Vladimir Lapitsky

Personal information
- Born: 18 February 1959 (age 67) Grodno, Byelorussian SSR, Soviet Union

Sport
- Sport: Fencing

Medal record
Men's fencing
Representing Soviet Union
Olympic Games
| Silver medal – second place | 1980 Moscow | Foil, team |

= Vladimir Lapitsky =

Soviet fencer (born 1959)

Vladimir Lapitsky (born 18 February 1959) is a Soviet fencer. He won a silver medal in the team foil event at the 1980 Summer Olympics.

== Career ==
Mikhail Zolotaryov is one of Vladimir Lapitsky's coaches. He was the world champion in the team foil event in 1979.
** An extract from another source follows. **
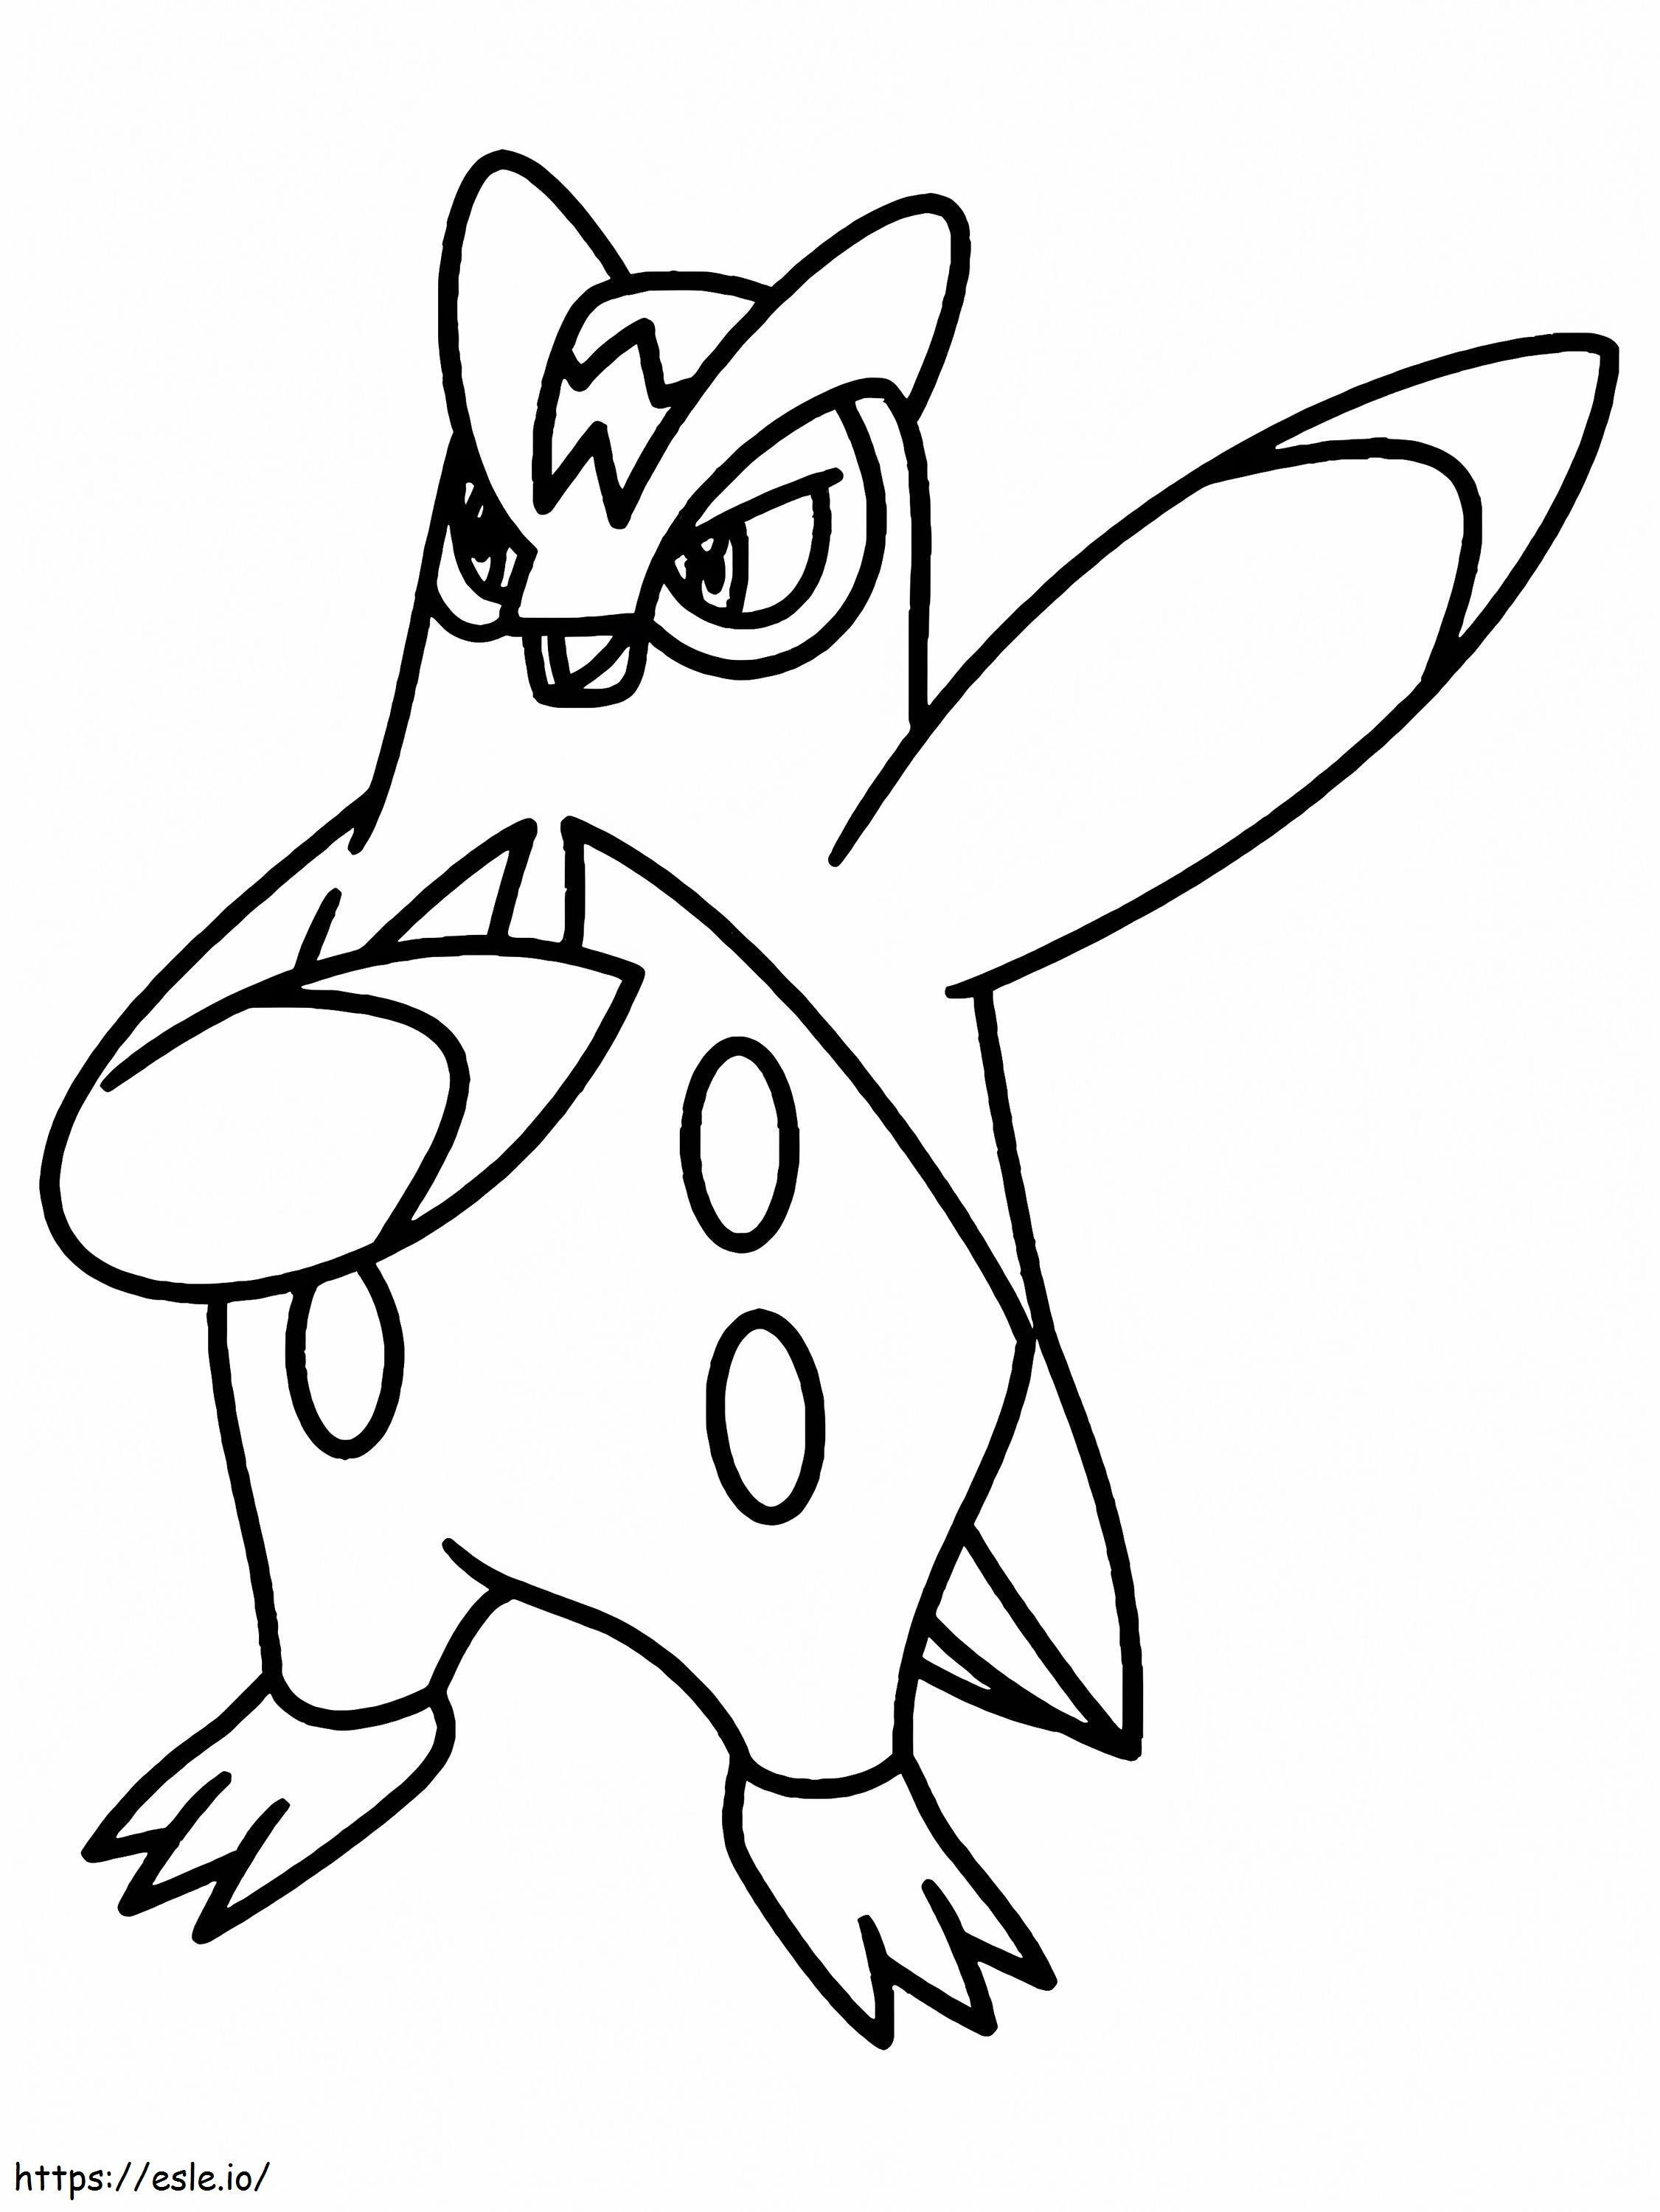 Pokemon Prinplup coloring page

At the Moscow Olympics, he won a silver medal in the team foil event along with Vladimir Smirnov, Alexander Romankov, Sabirjan Ruziyev, and Ashot Karagyan.

During a bout with the Polish fencer Boguslaw Zych, Lapitsky was injured. His opponent's foil broke and penetrated the soft tissue of Vladimir's back. The blade slid along his rib and exited his chest three millimeters from his heart, without hitting any vital organs.

In a 2017 interview, Alexander Romankov stated that Vladimir Lapitsky was killed in Rostov.